*** Begin section ***
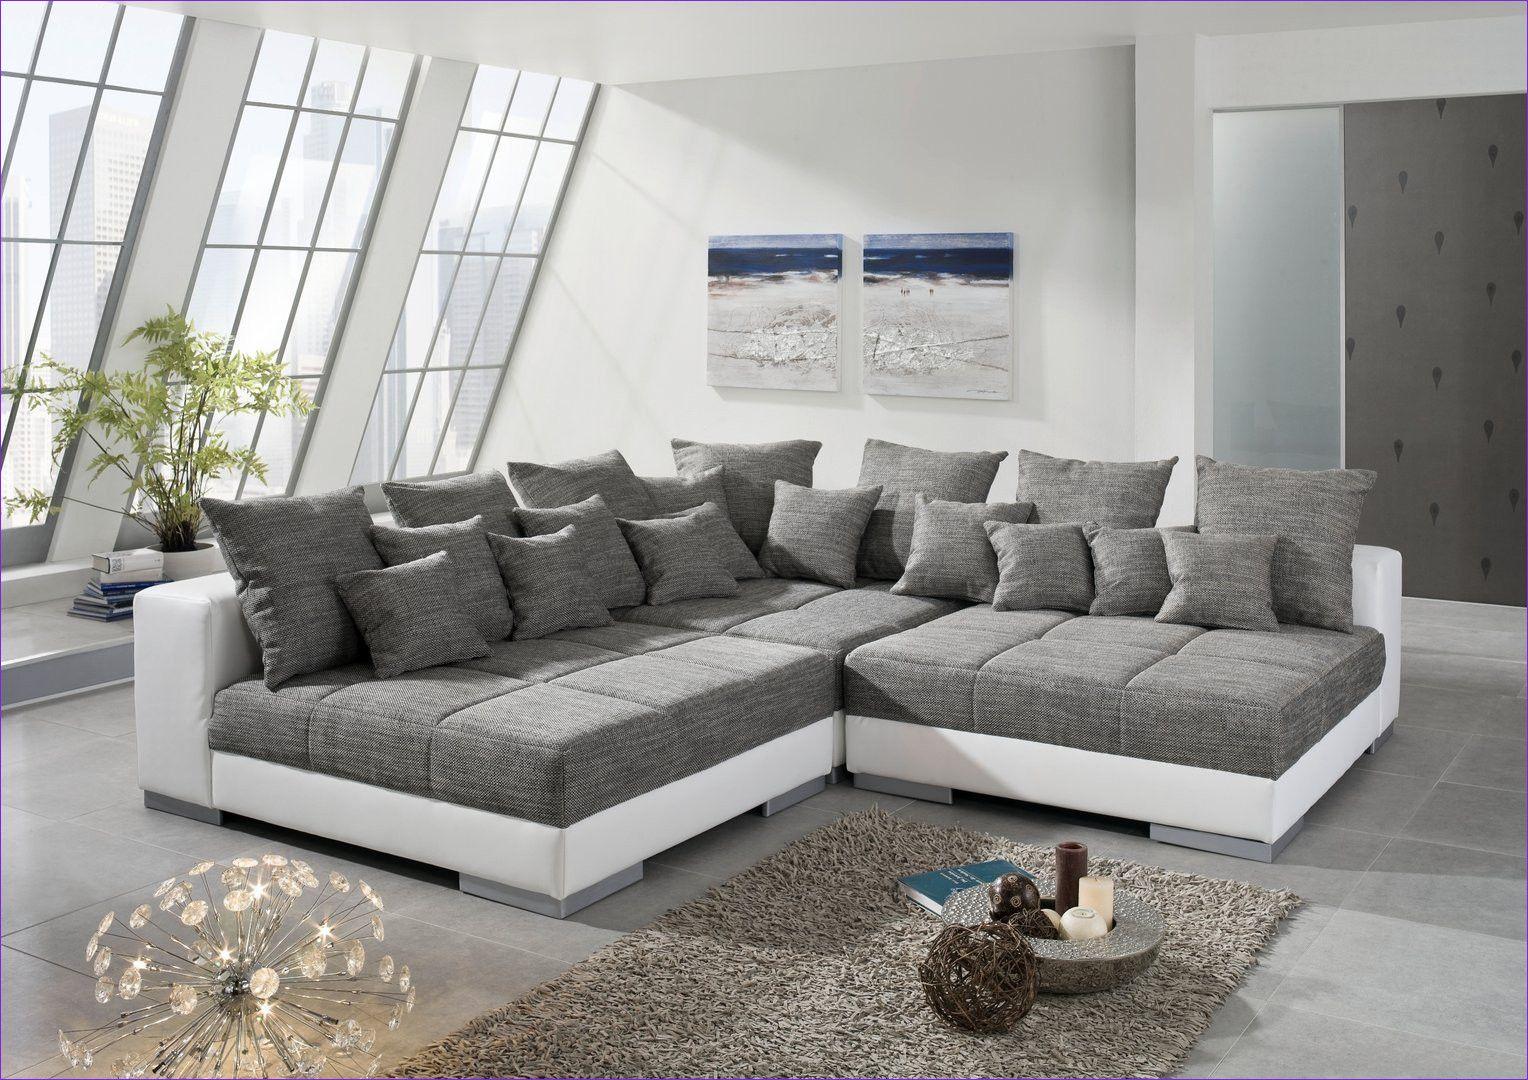 Full Size of Big Sofa Roller Sam L Form Bei Grau Kolonialstil Rot Arizona Toronto Couch U Xxl Polyrattan Bezug Ecksofa Mit Ottomane Auf Raten Leder Braun Hocker 2er Xxxl Wohnzimmer Big Sofa Roller
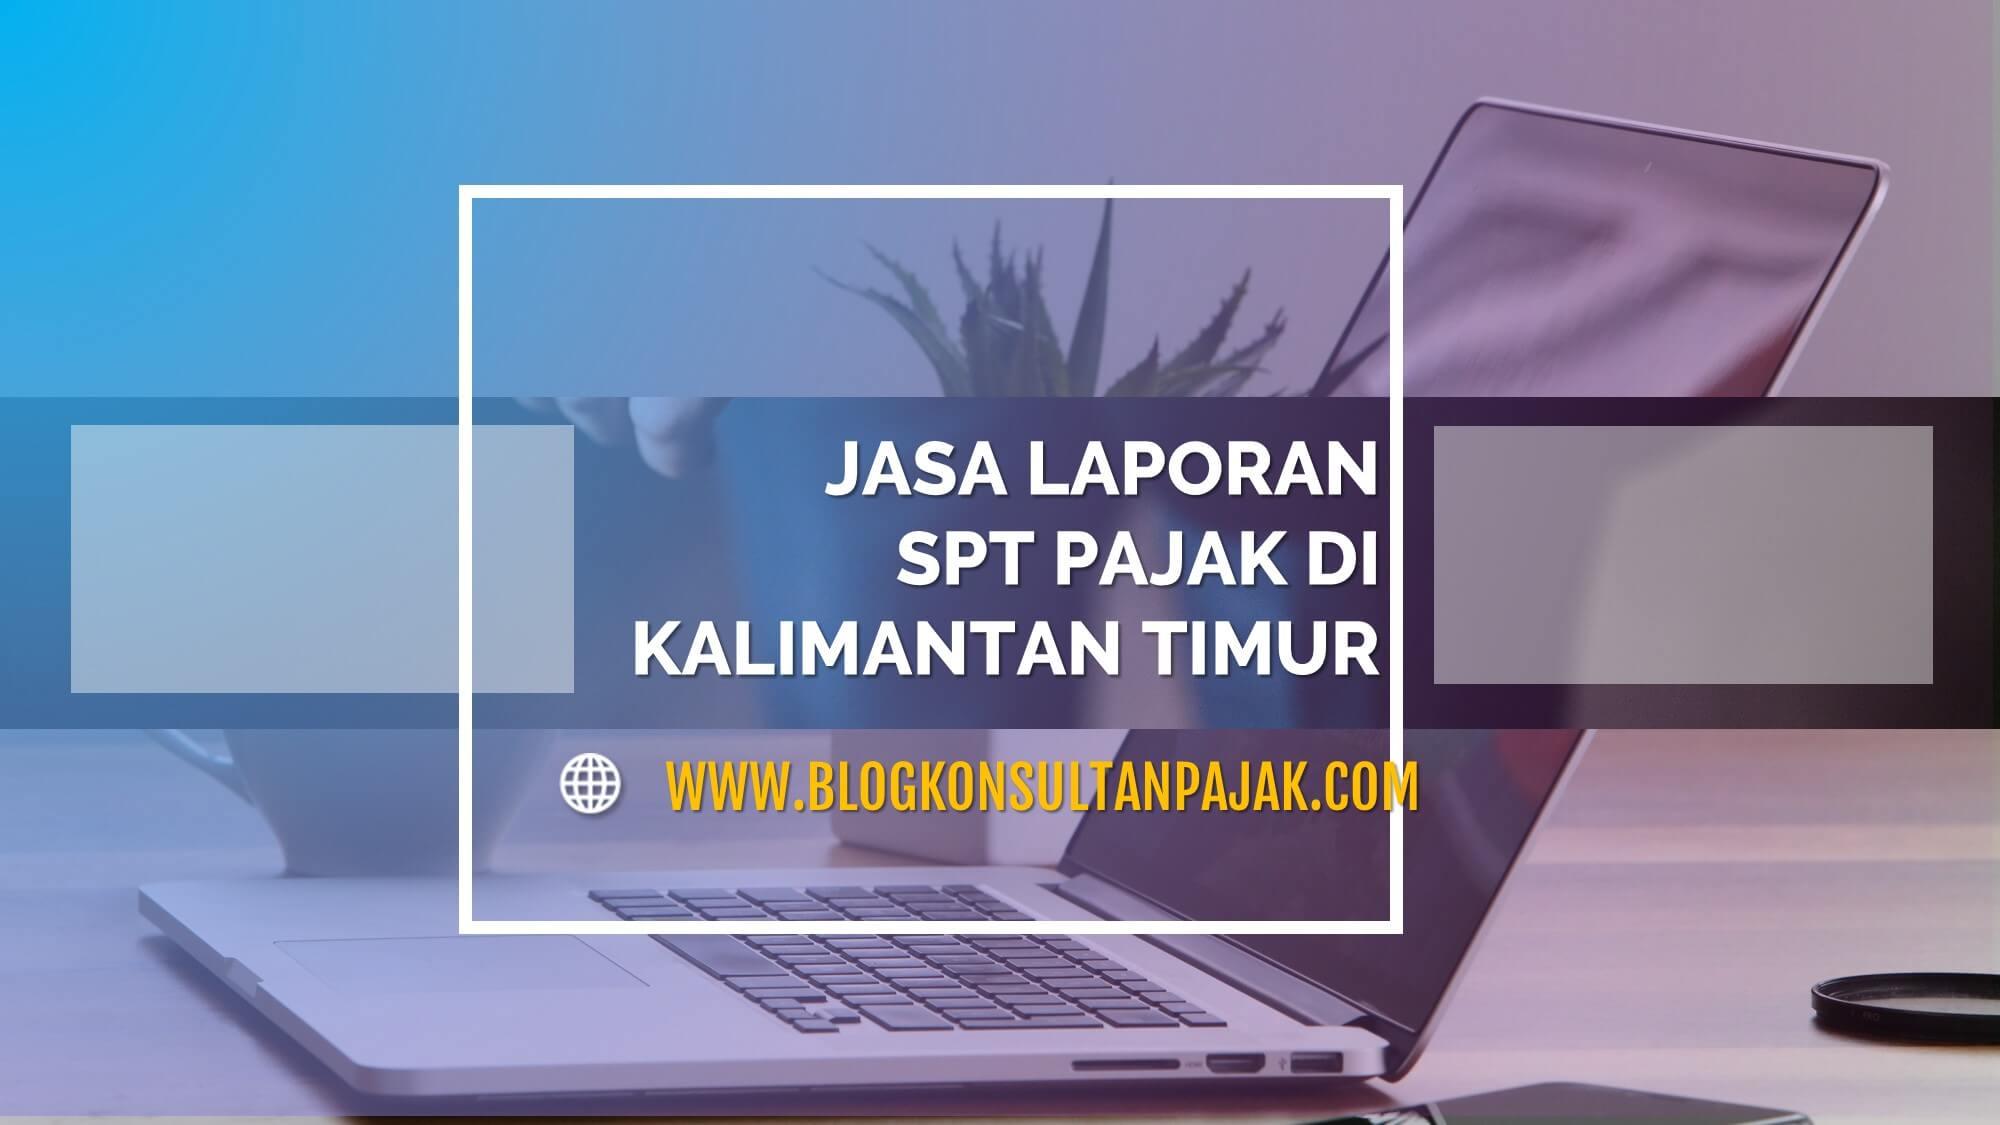 Jasa Laporan Pajak Bulanan Perusahaan Di Lempake Samarinda Utara Samarinda Kalimantan Timur
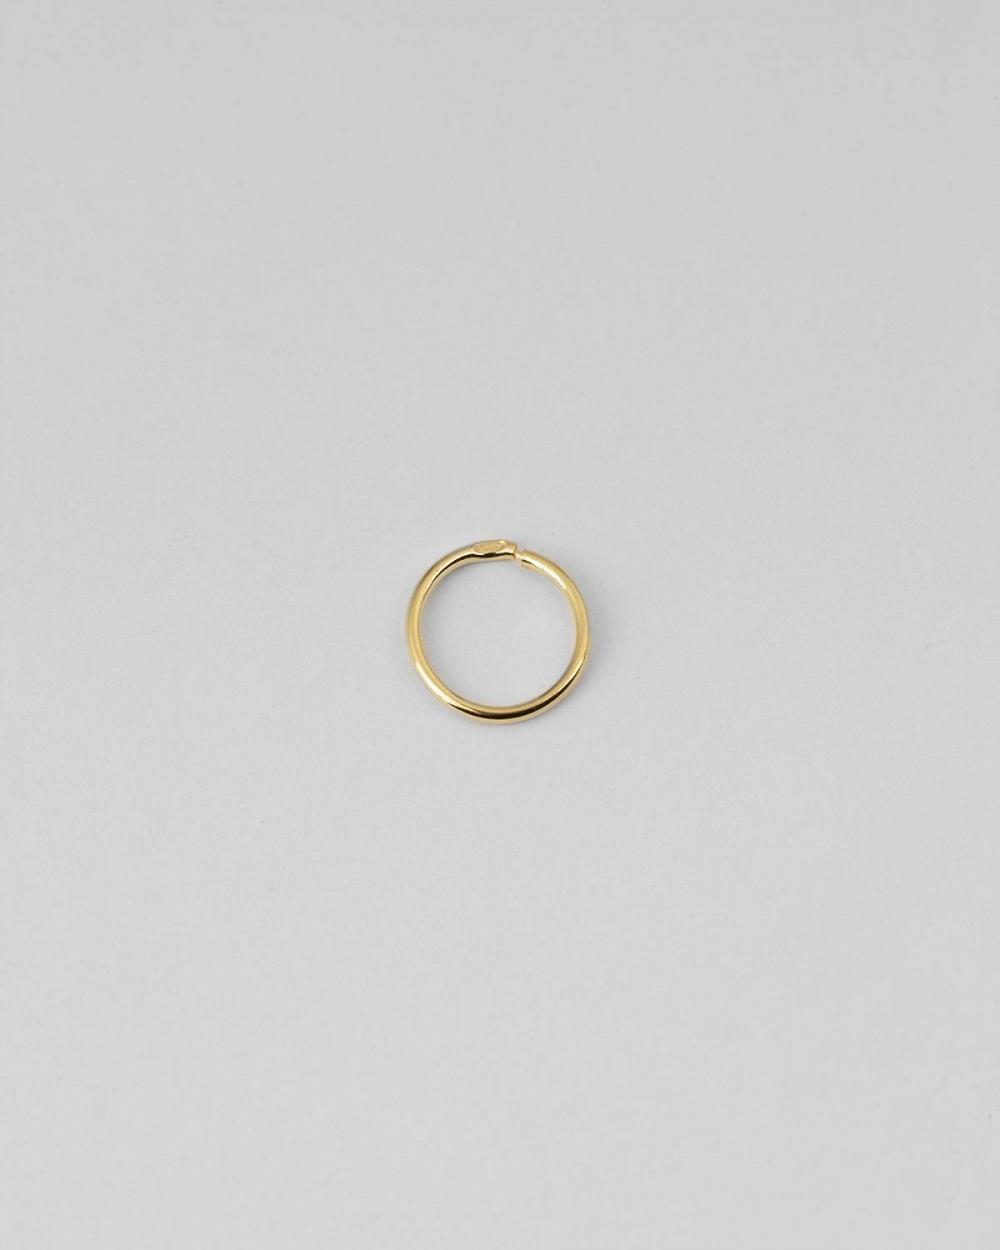 Earrings YELLOW GOLD MINI SINGLE HOOP EARRING 012 D10 NOVE25
*** End section ***
*Work item*: The whole listing above is to be repeated exactly, apart from its pictures.

*Answer space*:
 Full Size of Big Sofa Roller Sam L Form Bei Grau Kolonialstil Rot Arizona Toronto Couch U Xxl Polyrattan Bezug Ecksofa Mit Ottomane Auf Raten Leder Braun Hocker 2er Xxxl Wohnzimmer Big Sofa Roller
 Jasa Laporan Pajak Bulanan Perusahaan Di Lempake Samarinda Utara Samarinda Kalimantan Timur
 Earrings YELLOW GOLD MINI SINGLE HOOP EARRING 012 D10 NOVE25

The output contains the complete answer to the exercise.